Zhengdong New Area (郑东新区 (鄭東新區, Zhèngdōng Xīn Qū)) is a new area of Zhengzhou, Henan province, People's Republic of China. As of 2015, it covers an area of 260 km2, and is expected to expand to 193 sqmi. Zhengdong New Area was considered by foreign media to be a ghost city throughout its early years, but its rapid growth in population and commercial occupants throughout the 2010s has led to outlets to no longer consider it a ghost city.

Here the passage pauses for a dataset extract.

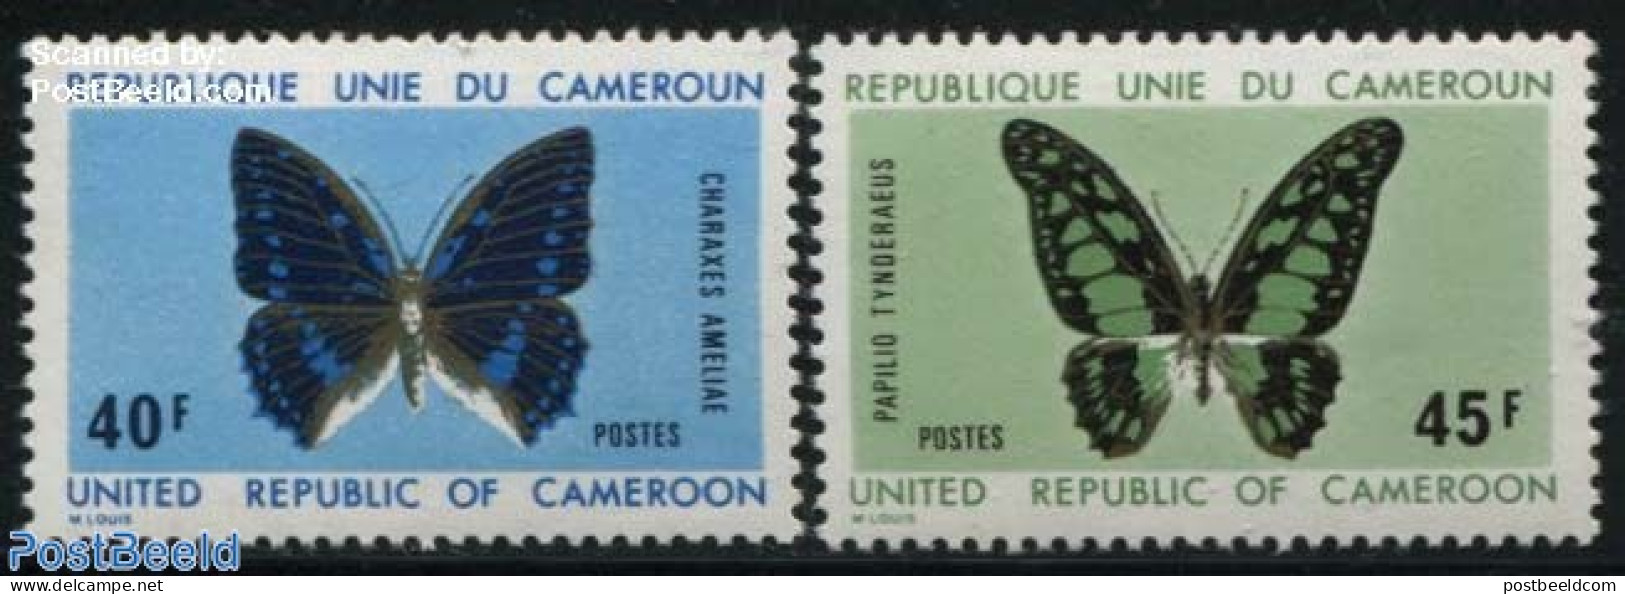 Cameroon 1972 Butterflies 2v, Mint NH, Nature - Butterflies - Kamerun (1960-...)
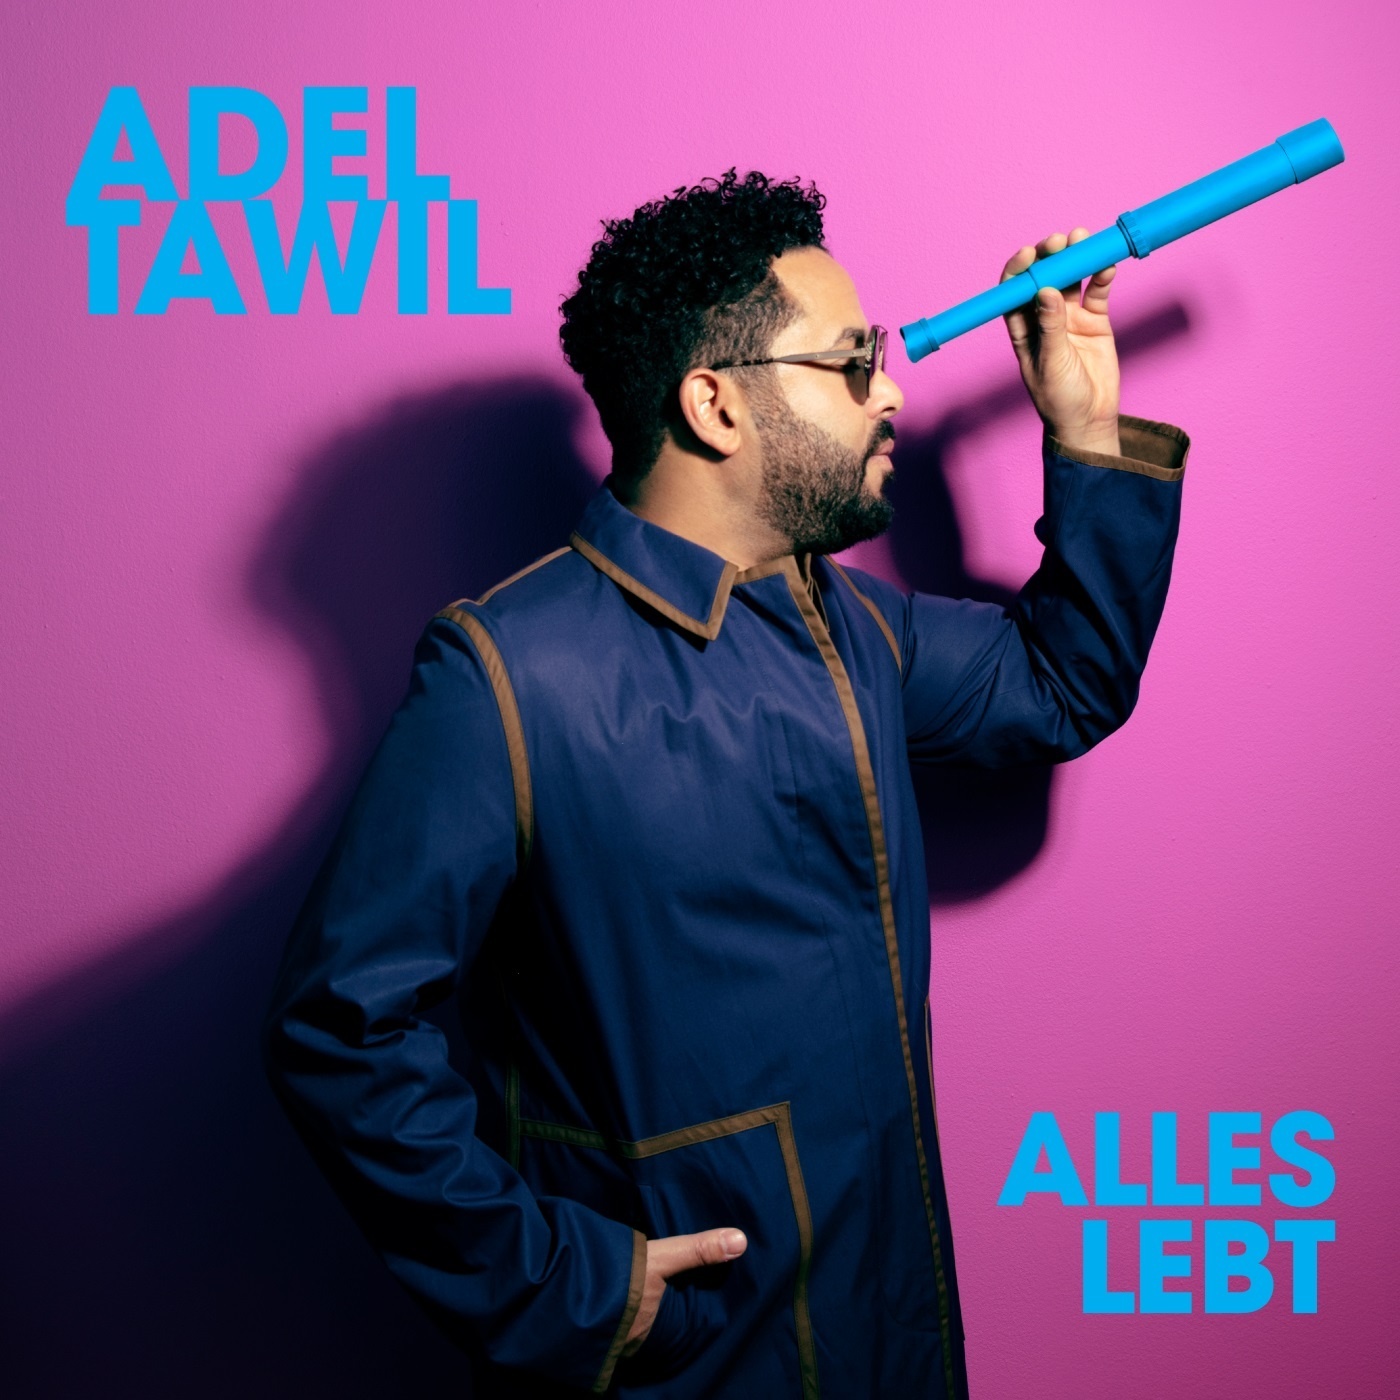 Alles lebt - Adel Tawil. (CD)

As of 2023, the new area's population totals 1,300,000, according to its government.

== History ==
Li Keqiang became the Communist Party Secretary of Henan province in 1998. As part of his advocacy for urbanisation, Li sought to position Zhengzhou as an engine for regional and national growth.

In 2001, the city government commissioned Japanese architect Kisho Kurokawa to draw up a comprehensive urban plan for Zhengdong.

With the Rise of the Central Region initiative in 2004, Henan received significant central government support, contributing to the development of Zhengdong New Area.

Zhengdong New Area consists of the core CBD area, core living area, Longhu area (龙湖 (Lónghú, dragon lake)), and the university town of Longzihu (龙子湖 (Lóngzǐhú)).

=== Initial struggles ===
In a 2006 article by the Wall Street Journal, Zhengzhou's mayor projected the new area to expand to 193 sqmi and a population of 5 million by 2020.

By 2010, Zhengdong New Area's population totaled approximately 300,000, according to its government, which projected an increase to 800,000 by 2015. In 2010, Zhengdong's gross domestic product totaled 7.48 billion renminbi.

Throughout the early 2010s, Zhengdong was covered by foreign media outlets. A piece by the Daily Mail in 2010 claimed that Zhengdong was China's largest ghost city, a March 2013 piece by 60 Minutes found "vacant subdivisions uninhabited for miles and miles and miles," and Business Insider found Zhengdong's central business district largely vacant later in 2013.

=== Rapid growth ===
However, in the following years, Zhengdong New Area experienced substantial growth. Throughout the mid-2010s, several regional headquarters of banks moved in and the area has begun to fill up with residents. In September 2012, the Zhengzhou East railway station opened in the new area, linking it to China's high speed rail network. In 2013, Zhengdong was also connected to Line 1 of the Zhengzhou Metro. Two more lines connecting Zhengdong with the center of Zhengzhou are under construction.

In 2015, Zhengdong's government reported the new area's population to be 1,150,000, far above the 800,000 total projected in 2010. They also reported that Zhengdong's gross domestic product ballooned to 26.2 billion renminbi, more than double their 2010 projection of 10.4 renminbi, and experienced an annual increase in gross domestic product of 25%.

Tales of Zhengdong's rapid growth were corroborated by a number of major media outlets. In May 2015, the South China Morning Post reported that about 150 financial institutions moved into the new area, such as HSBC, People's Bank of China, Bank of China, and Agricultural Bank of China. The publication declared that "Zhengdong is not a ghost city anymore".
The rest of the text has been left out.